2. Masukan kedalam dua tabung reaksi masing-masing larutan, zat uji dan suspense
padanan yang sesuai secukupnya, yang dibuat segar dengan cara seperti tertera
dibawah sehingga volume larutan dalam tabung reaksi terisi setinggi tepat 40 mm.
3. Bandingkan ke dua isi tabung setelah 5 menit pembuatan suspense padanan, dengan
latar belakang hitam.
4. Pengamatan dilakukan dibawah cahaya yang terdifusi, tegak lurus kearah bawah
tabung. Difusi cahaya harus sedemikian hingga suspense padanan I dapat langsung
dibedakan dari air dan dari suspense padanan II.

D. Uji Kebocoran
Uji kebocoran dilakukan dengan membalikan botol sediaan infus dengan mulut botol
menghadap kebawah. Diamati ada tidaknya cairan yang keluar menetes dari botol. Pada
pembuatan kecil-kecilan hal ini dapat dilakukan dengan mata tetapi tetapi untuk produksi
skala besar hal ini tidak mungkin dikerjakan.
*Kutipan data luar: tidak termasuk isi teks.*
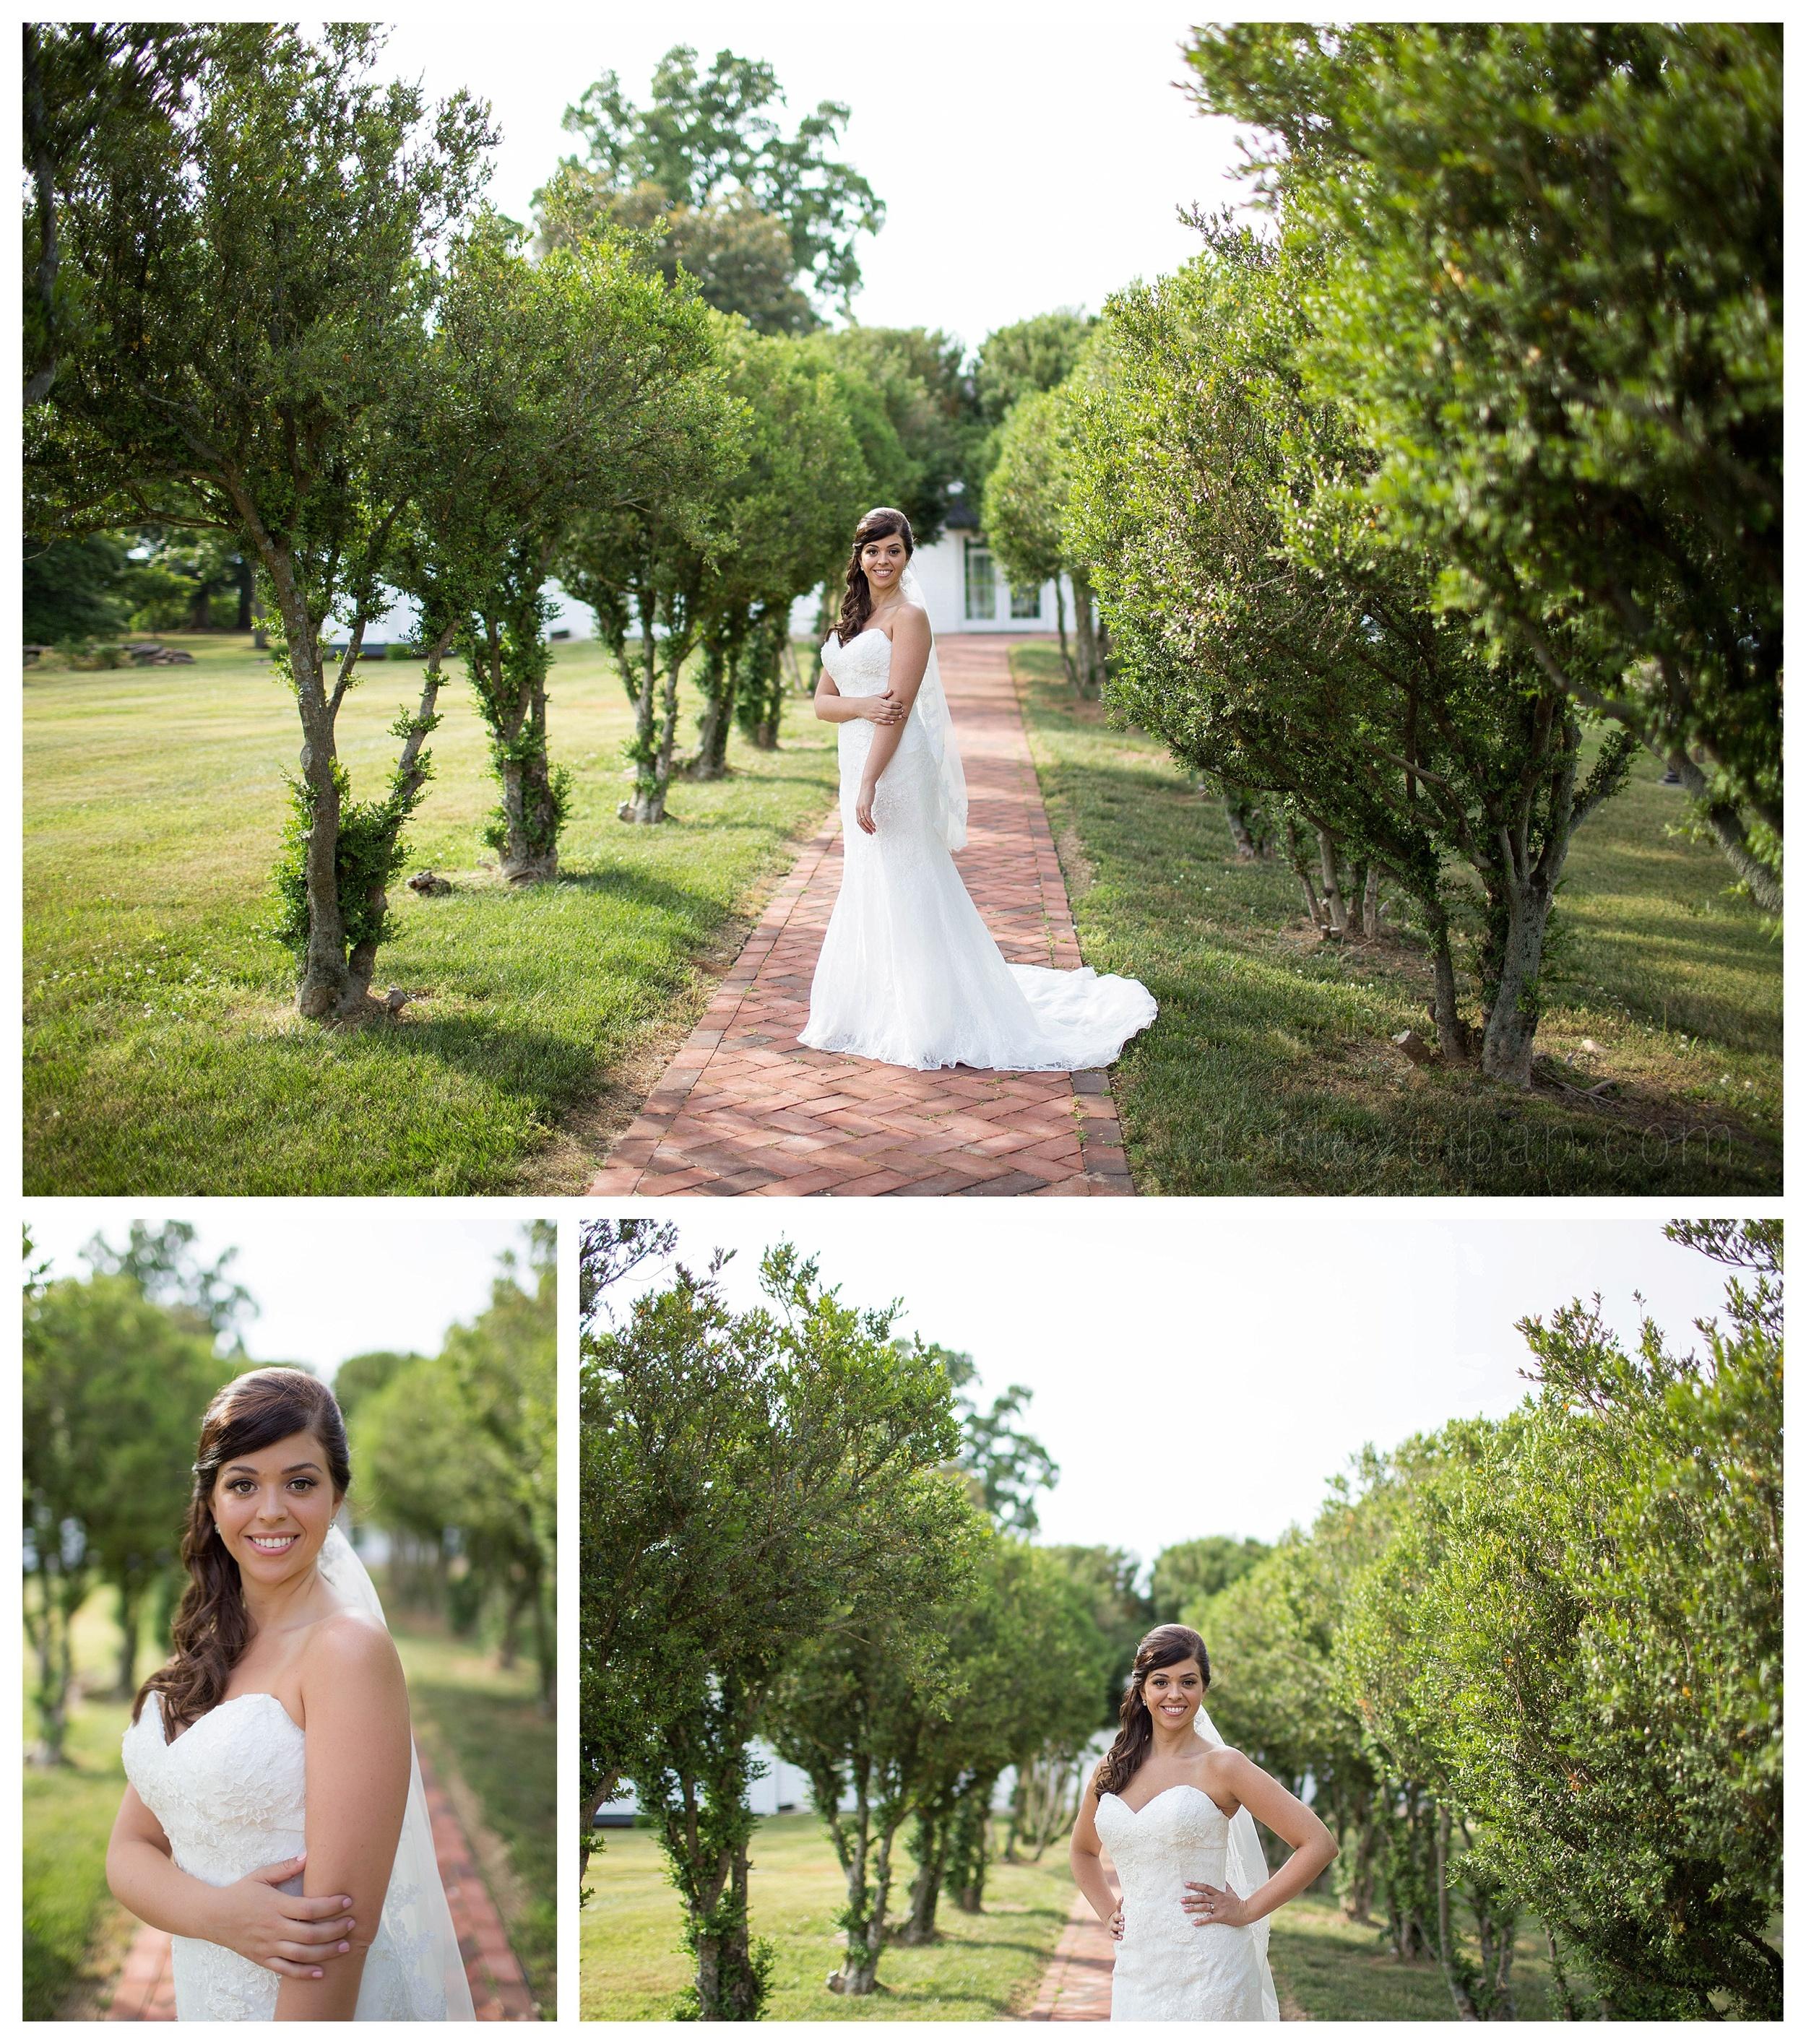 Lynchburg Virginia Wedding Photographer, The Trivium Estates, Ashley Eiban Photography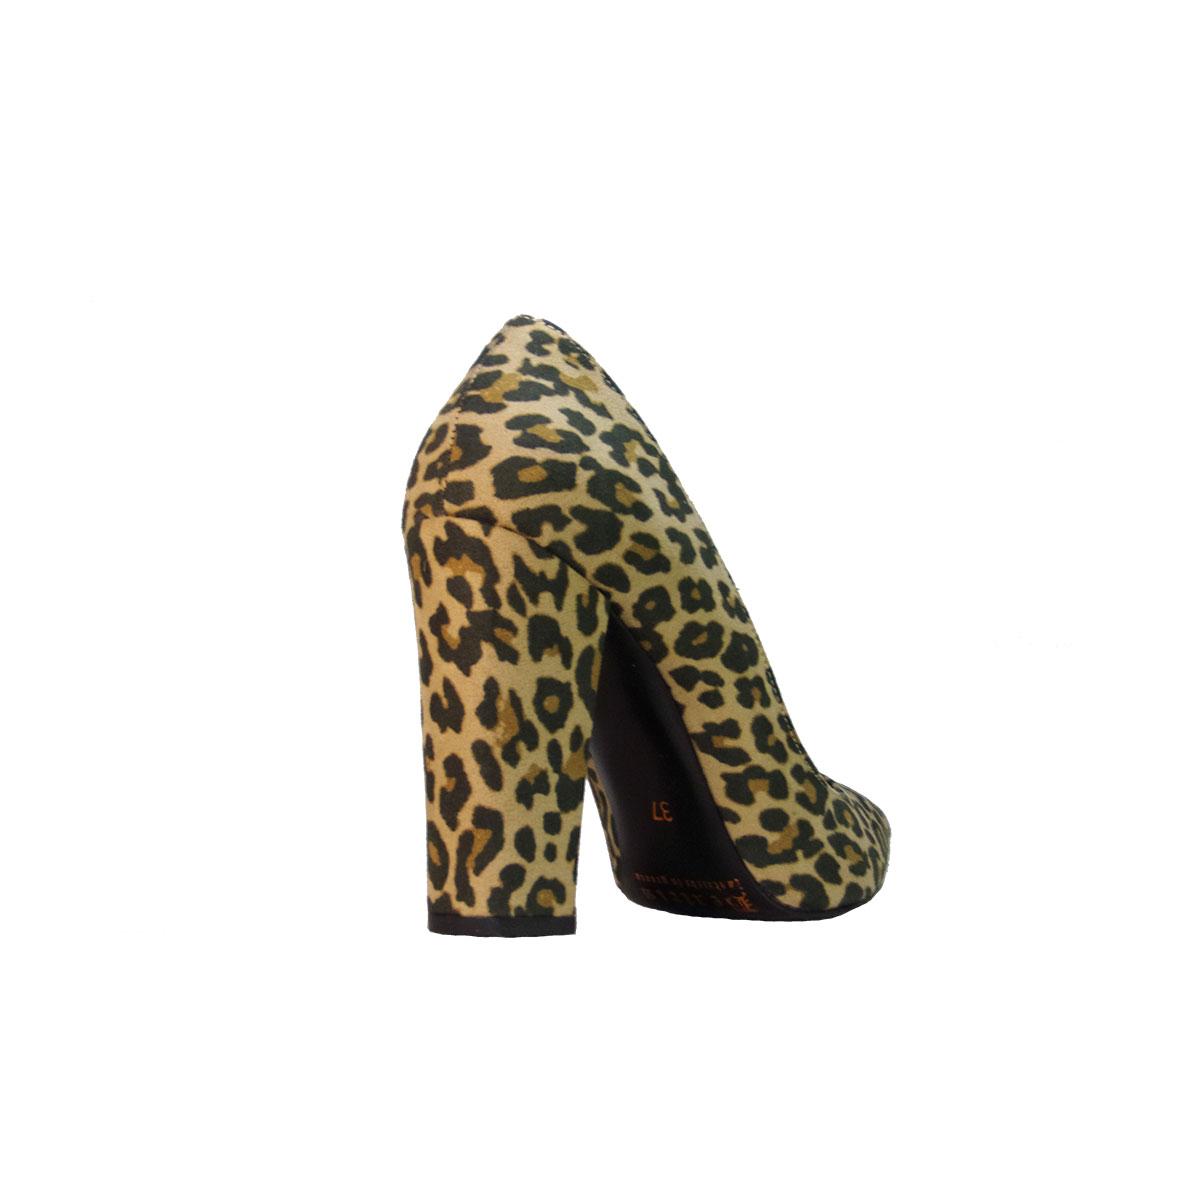 d035cc0820e Beatris EL-940 Γυναικεία Γόβα Χοντρό Τακούνι Λεοπάρ – ILoveMyShoes

Tujuan : untuk memeriksa keutuhan kemasan agar terjaga sterilisasi dan volume serta
kestabilan sediaan. Jika tidak dilakukan uji kebocoran maka dapat menyebabkan
masuknya mikroorganisme atau kontanminan lain yang berbahaya kedalam ampul atau
isinya dapat bocor keluar dan merusak penampilan kemasan.
Prosedur kerja :
1. Diletakan ampul di dalam zat warna (birumetilen 0,5-1%) dalam ruangan vakum.
2. Ditekanan atmofer berikutnya kemudian menyebabkan zat warna berpenetrasi
kedalam lubang, dapat dilihat setelah bagian luar ampul dicuci untuk membersihkan
zat warnannya. Yang bocor akan berwarna biru, karena larutan metilen akan masuk ke
dalam larutan injeksi tersebut.
Untuk yang disterilkan tanpa pemanasan atau cara aseptik, diperiksa dengan
memasukkan ke dalam eksikator dan divakumkan. Pada wadah yang bocor, isinya akan
keluar. Syarat uji kebocoran yakni tidak adanya zat warna metilen blue yang masuk pada
sediaan infus.
2. Evaluasi Kimia
Penetapan kadar
Pipet sejumlah volume injeksi setara dengan kurang lebih 90 mg natrium klorida,
masukkan kedalam wadah dari porselen dan tambahkan 140 mL air dan 1 mL dikloroflouresein
LP. Campur dan titrasi dengan perak nitran 0,1 NLV hingga perak klorida menggumpal dan
campuran berwarnah merah mudah. 1 mL perak nitrat 0,1 N setara dengan 5,844 mg Na Cl

3. Evaluasi Biologi
A. Uji Sterilisasi
Asas : Larutan uji + media perbenihan, inkubasi pada 20°C-25°C
Metode Uji : Teknik penyaringan dengan filter membrane (dibagi menjadi 2 bagian) lalu
diinkubasi.
B. Uji Pirogen
Uji pirogen dimaksudkan untuk membatasi risiko reaksi demam pada tingkat yang dapat
diterima oleh pasien pad ape, berian sediaan injeksi. Pengujian meliputi pengukuran
kenaikan suhu kelinci setelah penyuntikan larutan uji setelah intravena.